My thoughts on the results

This experiment got me thinking. It looks like the length of the request queue is predicated on the channel bandwidth: the wider the channel, the longer the queue should be. We’ve implemented a static queue with a pre-defined length, by trying out different values in the local environment, and observing the effect. It feels kind of circumstantial: I think there should be an algorithm that would adjust the length of the queue dynamically, adapting to the current channel bandwidth.

On the other hand, this whole experiment was based on a single BitTorrent client implementation: Transmission. I hypothesized that there should be some forced delay in Transmission side, according to the regularities in piece message delays. Other BitTorrent clients may behave differently, though.

As a bottom line, I’d say that the static queue approach works fine for now, though its flexibility raises some concerns.

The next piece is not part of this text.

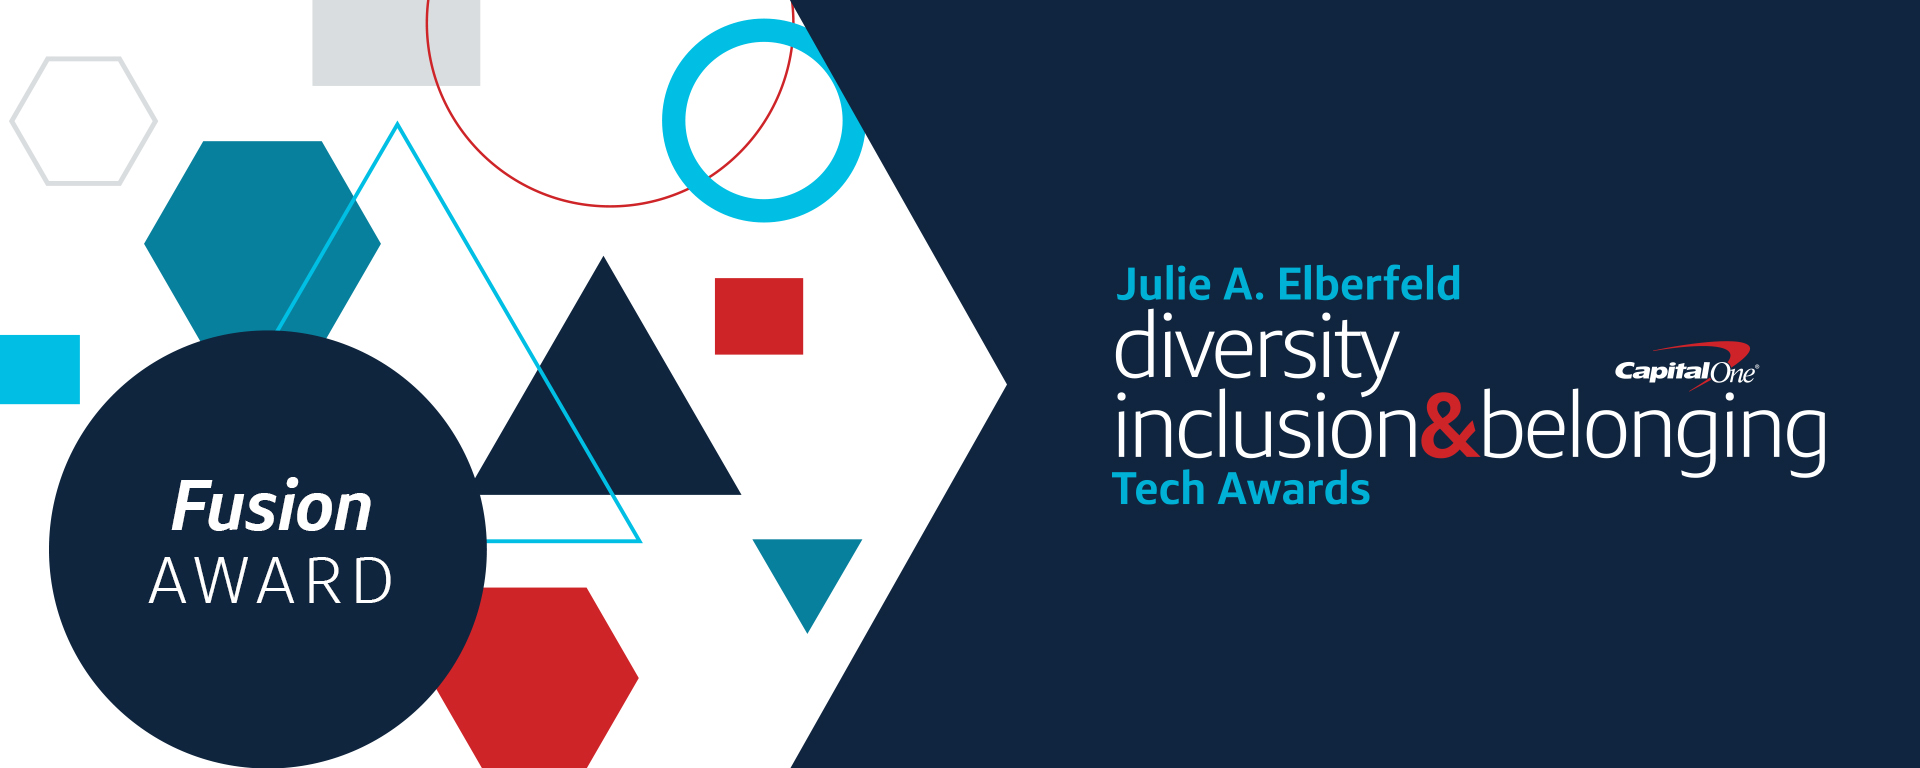 Julie A. Elberfeld Diversity, Inclusion & Belonging Tech Fusion Award

Perhaps later I could revisit this implementation, do some more experiments with various BitTorrent clients, and come up with a more flexible solution for request pipelining.

Trying it all out

To conclude this part of work, let’s remove all debug output from the code and see how request pipelining works with the remote peer from the wild:

* Total pieces 2680, piece length 262144

* Your announce url is: http://bttracker.debian.org:6969/announce
* Total 50 peers
* Probing peers...
87.58.176.238:62008	-> OK("-TR3000-0d2p8nysqd9z")
* Connected to peer: 87.58.176.238:62008
* Received bitfield: ffffffffffffffffffffffffffffffffffffffffffffffffffffffffffffffffffffffffffffffffffffffffffffffffffffffffffffffffffffffffffffffffffffffffffffffffffffffffffffffffffffffffffffffffffffffffffffffffffffffffffffffffffffffffffffffffffffffffffffffffffffffffffffffffffffffffffffffffffffffffffffffffffffffffffffffffffffffffffffffffffffffffffffffffffffffffffffffffffffffffffffffffffffffffffffffffffffffffffffffffffffffffffffffffffffffffffffffffffffffffffffffffffffffffffffffffffffffffffffffffffffffffffffffffffffffffffffffffffffffffffffffffffffffffffffffffffffffffffffffffffffffffffffffffffffffffffffffffffffffffffffffffffffffffffffffffffffffffffffffffffffffffffffffffffffffffffffff
* Sending `interested` message
* Receiving `unchoke` message
* Unchoked, requesting file
- Downloaded piece 0: 745 ms
- Downloaded piece 1: 65 ms
- Downloaded piece 2: 50 ms
- Downloaded piece 3: 18 ms
- Downloaded piece 4: 50 ms
- Downloaded piece 5: 10 ms
- Downloaded piece 6: 23 ms
- Downloaded piece 7: 8 ms
- Downloaded piece 8: 7 ms
- Downloaded piece 9: 55 ms
- Downloaded piece 10: 8 ms
- Downloaded piece 11: 54 ms
- Downloaded piece 12: 8 ms
- Downloaded piece 13: 7 ms
- Downloaded piece 14: 497 ms
- Downloaded piece 15: 61 ms
- Downloaded piece 16: 11 ms
- Downloaded piece 17: 9 ms

<< ...skipped... >> 

- Downloaded piece 2677: 6 ms
- Downloaded piece 2678: 384 ms
- Downloaded piece 2679: 48 ms
* Received entire file, first 128 bytes: 455208000000909000000000000000000000000000000000000000000000000033edfa8ed5bc007cfbfc6631db6631c96653665106578edd8ec552be007cbf0006b90001f3a5ea4b06000052b441bbaa5531c930f6f9cd13721681fb55aa751083e101740b66c706f306b442eb15eb0231c95a51b408cd135b0fb6c6405083e1
* File size: 702545920, download duration: 145.052801s

Obviously, the download speed from the remote peer was lower than that in our local environment. But nonetheless, we’ve downloaded the entire file in roughly 2.5 minutes, with the download speed of 4.6 MB/sec. Impressive improvement!

Next steps

So, let’s conclude for now that we have achieved quite satisfactory download speeds using request pipelining, and switch our attention to another area that needs some optimization: probing remote peers and picking the one to download from.